The second type of chart we'll introduce is a bar chart and it's a variety like a side by side as well as stacked bar charts.
Below We are plotting our first bar chart depicting the average magnesium per wine category. We have first grouped entries of wine dataframe to group entries according to wine categories and then have taken average to collect dataframe with average values of all columns per wine category. We'll be further using these average values per wine category dataframe in the future with other charts as well.
fig = plt.figure(title="Average Magnesium Per Wine Category")

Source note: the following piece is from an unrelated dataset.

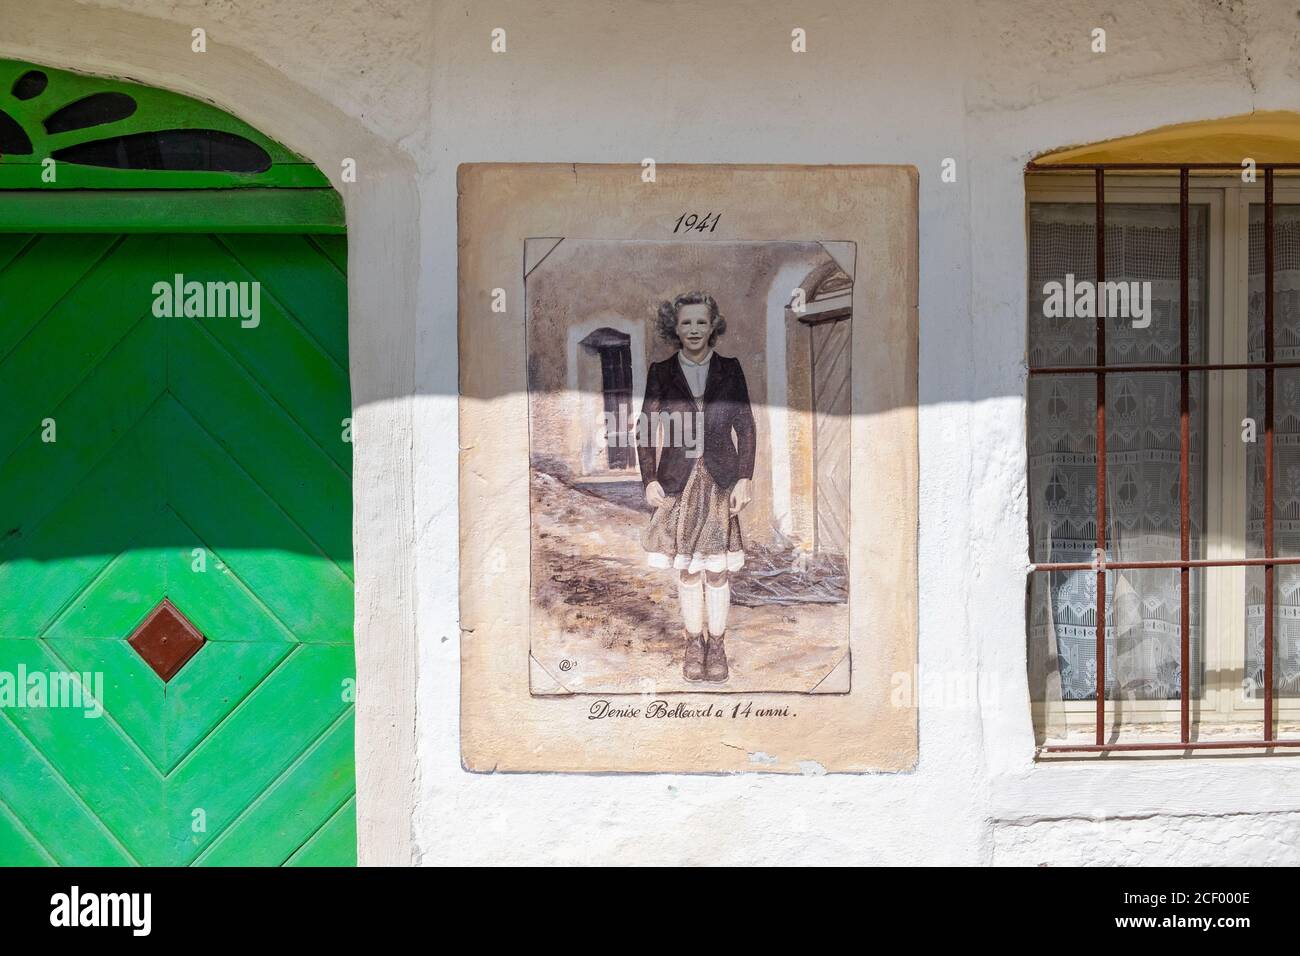 Painted mural of a resident in 1941 of the small village of Usseaux, Piemonte,Italy Stock Photo

fig.layout.height = "400px"
fig.layout.width = "600px"
avg_wine_df = wine_df.groupby(by="Category").mean()
bar_chart = plt.bar(x = avg_wine_df.index, y= avg_wine_df["magnesium"])

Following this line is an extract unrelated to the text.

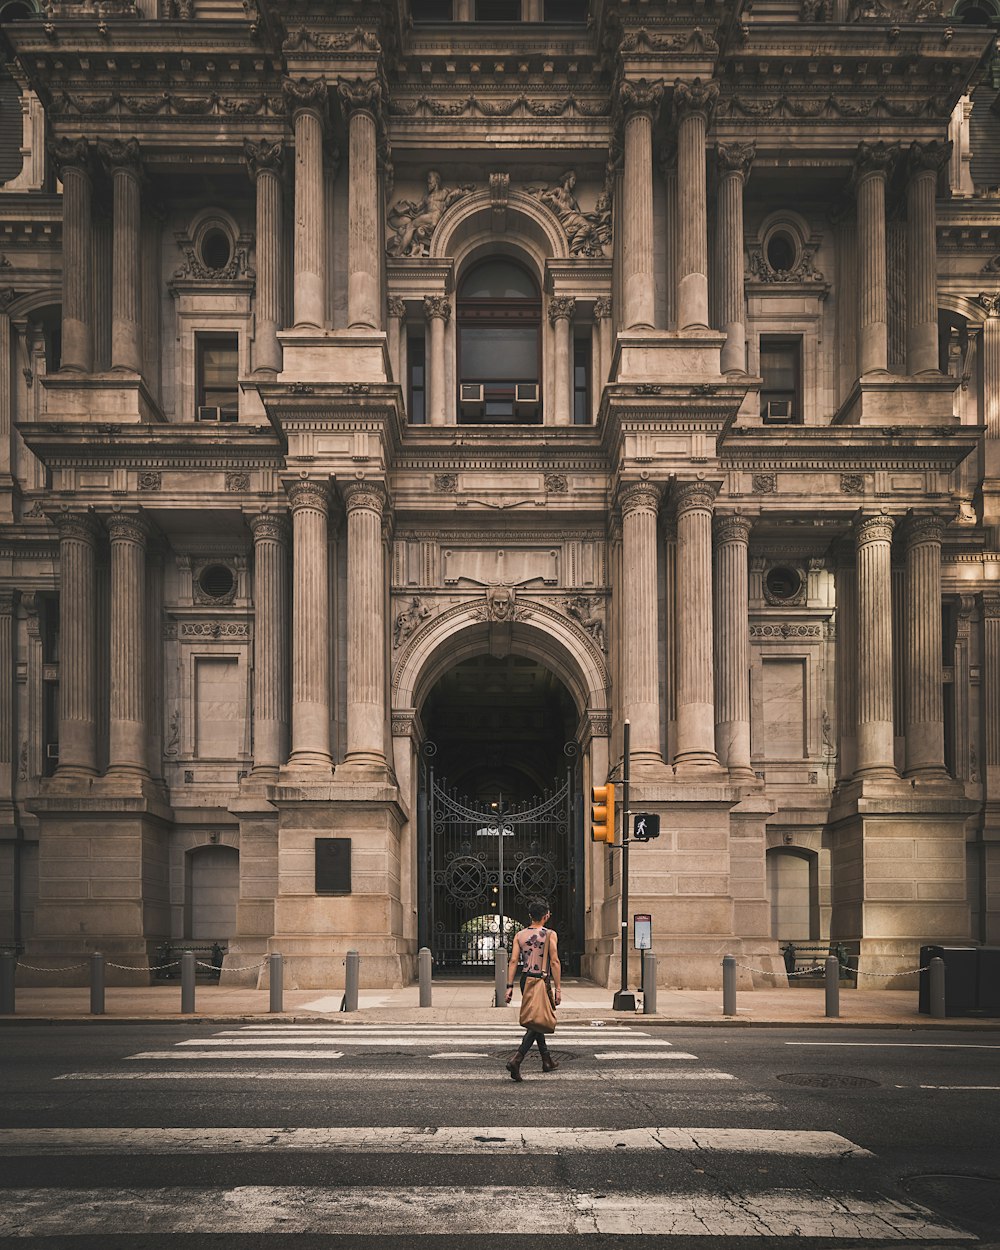 a man walking across a street in front of a large building

bar_chart.colors = ["tomato"]
bar_chart.tooltip = Tooltip(fields=["x", "y"], labels=["Wine Category", "Avg Magnesium"])
plt.xlabel("Wine Category")
plt.ylabel("Average Magnesium")
plt.show()
The below example demonstrates how to generate side by side bar chart. We are generating average ash and average flavonoids per wine category as a bar chart.
fig = plt.figure(title="Average Magnesium Per Wine Category",
fig_margin={'top':50, 'bottom':20, 'left':150, 'right':150},
legend_location="top-left")
avg_wine_df = wine_df.groupby(by="Category").mean()
bar_chart = plt.bar(x = avg_wine_df.index, y= [avg_wine_df["ash"], avg_wine_df["flavanoids"]],
labels = ["Ash", "Flavanoids"],
display_legend=True)
bar_chart.type = "grouped"
bar_chart.colors = ["tomato", "lime"]
bar_chart.tooltip = Tooltip(fields=["x", "y"], labels=["Wine Category", "Avg Ash/Flavanoids"])
plt.xlabel("Wine Category")
plt.ylabel("Average Magnesium")
plt.show()
Below we are explaining a stacked bar chart example. We are plotting average ash and flavonoids per wine category stacked over one another as a bar chart.
fig = plt.figure(title="Average Magnesium Per Wine Category",
fig_margin={'top':50, 'bottom':20, 'left':150, 'right':150},)
avg_wine_df = wine_df.groupby(by="Category").mean()
bar_chart = plt.bar(x = avg_wine_df.index, y= [avg_wine_df["ash"], avg_wine_df["flavanoids"]],
labels=["Ash", "Flavanoids"],
display_legend=True)
bar_chart.type = "stacked"
bar_chart.colors = bqplot.CATEGORY10
bar_chart.tooltip = Tooltip(fields=["x", "y"], labels=["Wine Category", "Avg Ash/Flavanoids"])
plt.xlabel("Wine Category")
plt.ylabel("Average Magnesium")
plt.show()
The third chart type that we would like to introduce is the famous line chart. We'll be plotting simple line chart as well as chart with more than one line per chart.
Below we are plotting apple stock close price for the whole period from May-2019 till Apr - 2020. We'll be using plot()
method by passing it date-range and closing prices to generate a line chart.
fig = plt.figure(title="Apple Stock Close Price")
line_chart = plt.plot(x=apple_df.index, y=apple_df.Close)
plt.xlabel("Date")
plt.ylabel("Close Price")
plt.show()
Below we are generating another line chart where we are plotting open, high, low and close prices of apple for a period of May-2019 till Apr-2020. We have combined all line charts in a single figure and also displaying legends to differentiate each line from another using different colors.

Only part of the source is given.